The Encryption/Decryption Process in Depth
Now let’s see some real passes. The first one is to find every string in our code, encrypt it at compile time and add a simple stub that will decrypt and encrypt back the string during runtime, when the string is “used”.
We will only do this for C because, C-strings are very simple: bytes (char) with a null-byte terminator (’\0’).
We can find every string using the following code:
std::vector<StringUsage> FindAllStringUsages(Function &F) {
std::vector<StringUsage> Usages;
for (BasicBlock &BB : F) {
for (Instruction &I : BB) {
for (unsigned i = 0; i < I.getNumOperands(); ++i) {
Value *Op = I.getOperand(i);
// Check if operand is a GlobalVariable
auto *GV = dyn_cast<GlobalVariable>(Op);
if (!GV)
continue; // Skip if not a GlobalVariable
// Check if GV is constant and has an initializer
if (!GV->isConstant() || !GV->hasInitializer())
continue;
// Check if initializer is a ConstantDataArray
auto *CA = dyn_cast<ConstantDataArray>(GV->getInitializer());
if (!CA)
continue;
// Check if it's a string
if (!CA->isString())
continue;
// All conditions met - record the string usage
Usages.push_back({&I, GV, i});
[...]
The code is awful but it works. We take every Instruction of every BasicBlock, get the Operand, and if we find a ConstantDataArray that is a string (as described before), we can get all information in our structure.
Then, we can write the code for the stub.
// void deobfuscate(i32 key, i8* str)
std::vector<Type*> ArgTypes = {
Type::getInt32Ty(Ctx),
Type::getInt8Ty(Ctx)->getPointerTo()
};
FunctionType *FT = FunctionType::get(Type::getVoidTy(Ctx), ArgTypes, false);
Function *DeobfFunc = Function::Create(FT, Function::ExternalLinkage, "deobfuscate", &M);
This is how we can define our function.
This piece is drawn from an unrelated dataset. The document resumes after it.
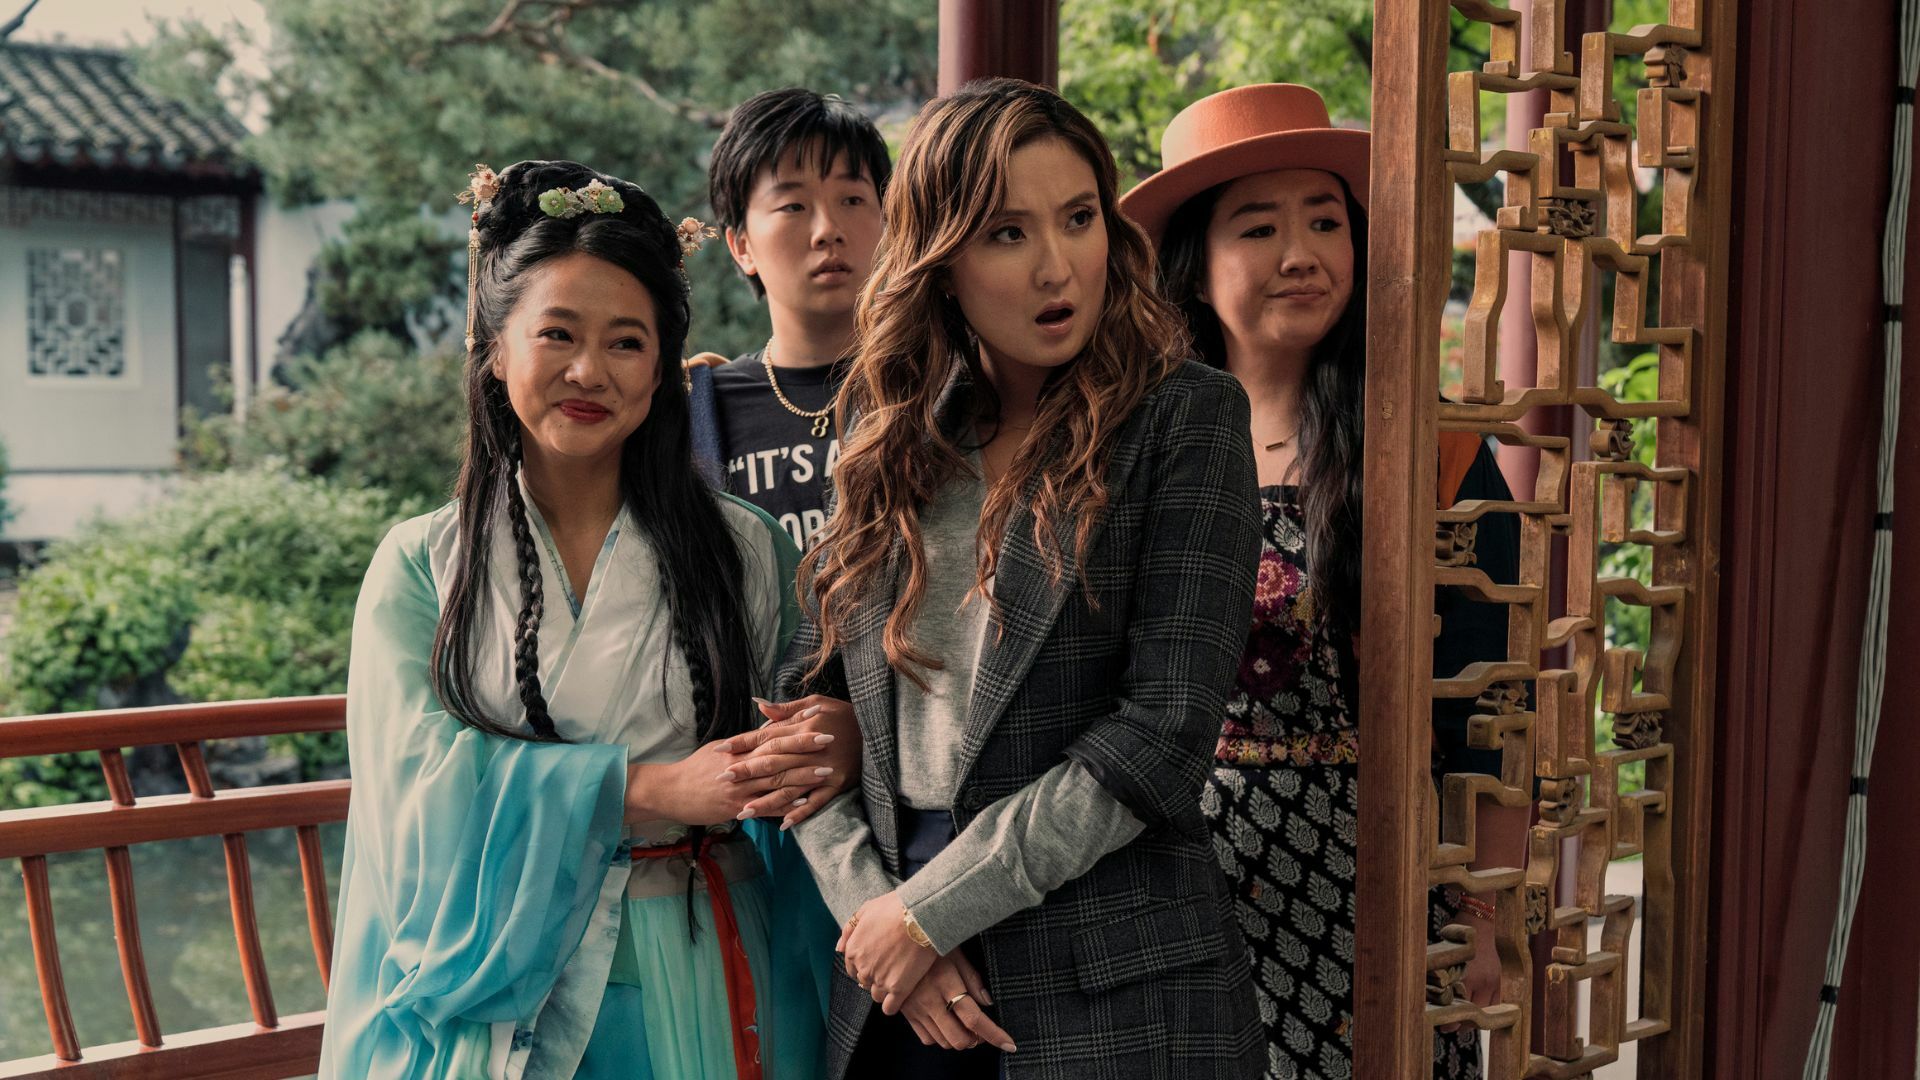 Stephanie Hsu, Sabrina Wu, Ashley Park, and Sherry Cola star as four friends in

After that, we can parse arguments and create our BasicBlock using the following code:
BasicBlock *LoopCond = BasicBlock::Create(Ctx, "loop.cond", DeobfFunc);
BasicBlock *LoopBody = BasicBlock::Create(Ctx, "loop.body", DeobfFunc);
BasicBlock *LoopEnd = BasicBlock::Create(Ctx, "loop.end", DeobfFunc);
This code creates three LLVM basic blocks inside DeobfFunc that represent a loop’s control flow: loop.cond checks the condition, loop.body contains the loop’s instructions, and loop.end runs after the loop finishes.
For example, this is the “body” the part of the code that will use quantum-proof encryption, also known as XOR.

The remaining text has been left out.